Plenary B: Diaspora, cosmopolis, global refuge: three voices of the supranational city

Nigel Rapport, University of St Andrews

According to political theorist Brian Barry, a 'liberal' world-view as against a 'communitarian' one ‘holds that there are certain rights against oppression, exploitation and injury to which every single human being is entitled to lay claim', and that 'appeals to "cultural diversity" and pluralism under no circumstances trump the value of [these basic] rights'. Opposed to the identity politics of the communitarians, it is these rights which the liberal then sets about enshrining in a legal-constitutional framework of citizenship. (To be sure, one of these rights might be to community membership --even to communities internally organized in terms of illiberal relations of dominance and submission, and in terms of all manner of notions of the good life-- but the citizenship framework guarantees, notwithstanding, that these 'cultures' do not become empires, and do not become ghettos.)

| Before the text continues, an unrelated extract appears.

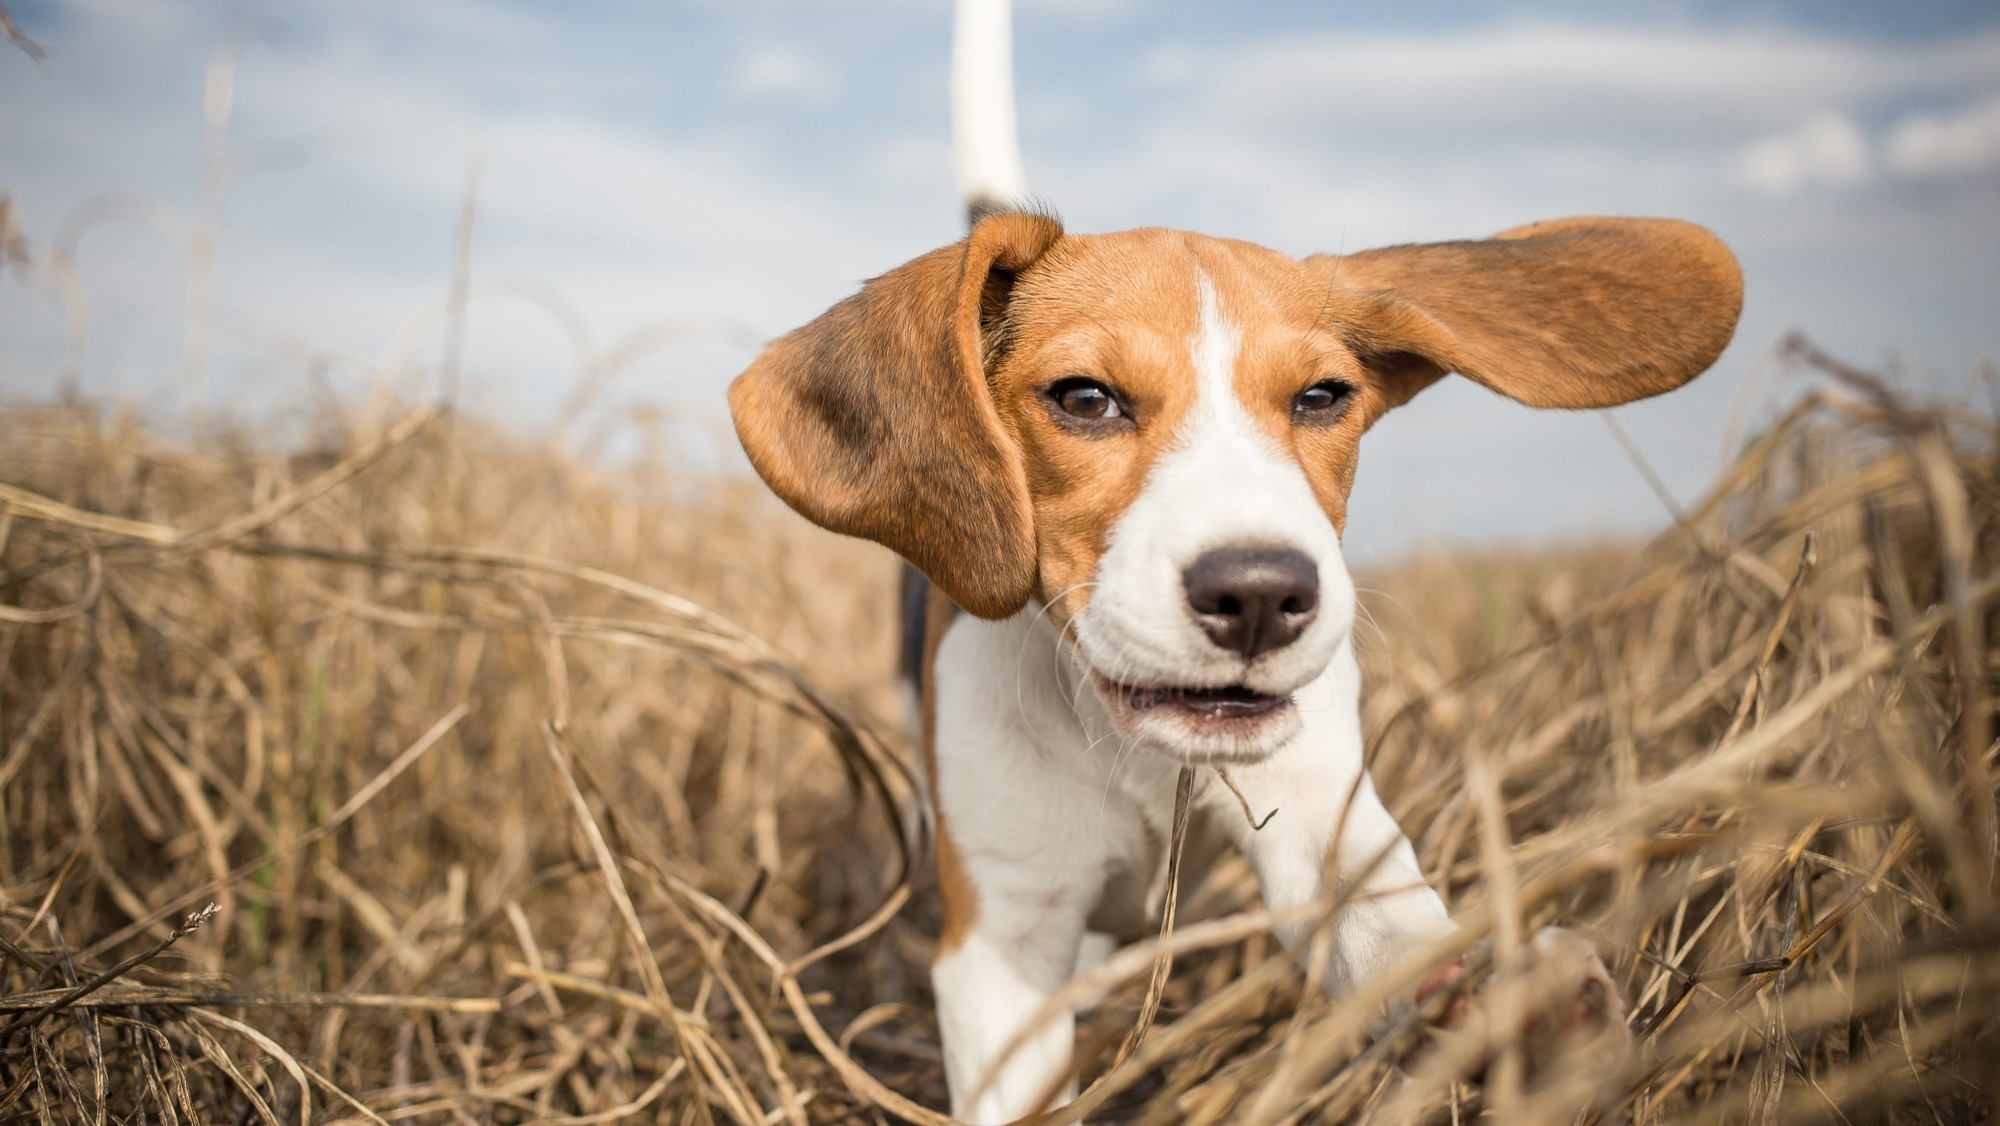 A beagle running through grass.

Translating such liberalism into an anthropological enterprise, this paper asks whether the current practice of diasporic lives in international cities might not inspire a programme of supranational, transcultural morality: from diaspora to cosmopolis to global refuge.

In a world of movement, the city --more exactly the cosmopolis in a global network of links-- may offer a better institutional framework, a more open image, than the nation-state for hosting 'a world of guests'. The relative smallness of cities and their numerical profusion may better ensure that people play the role of guests of social spaces, procedures and one another in a regular and routine fashion and thus resist the temptation of an unreflexive absolutism.

The cosmopolis may serve to promote an ironic detachment, which might in turn nurture a generosity of spirit, such that guest-hood becomes an everyday expectation and practice not merely associated with the diasporic, the overprivileged tourist or the underprivileged refugee.

The Network of Refuge Cities of the International Parliament of Writers makes this hope more than purely wishful thinking.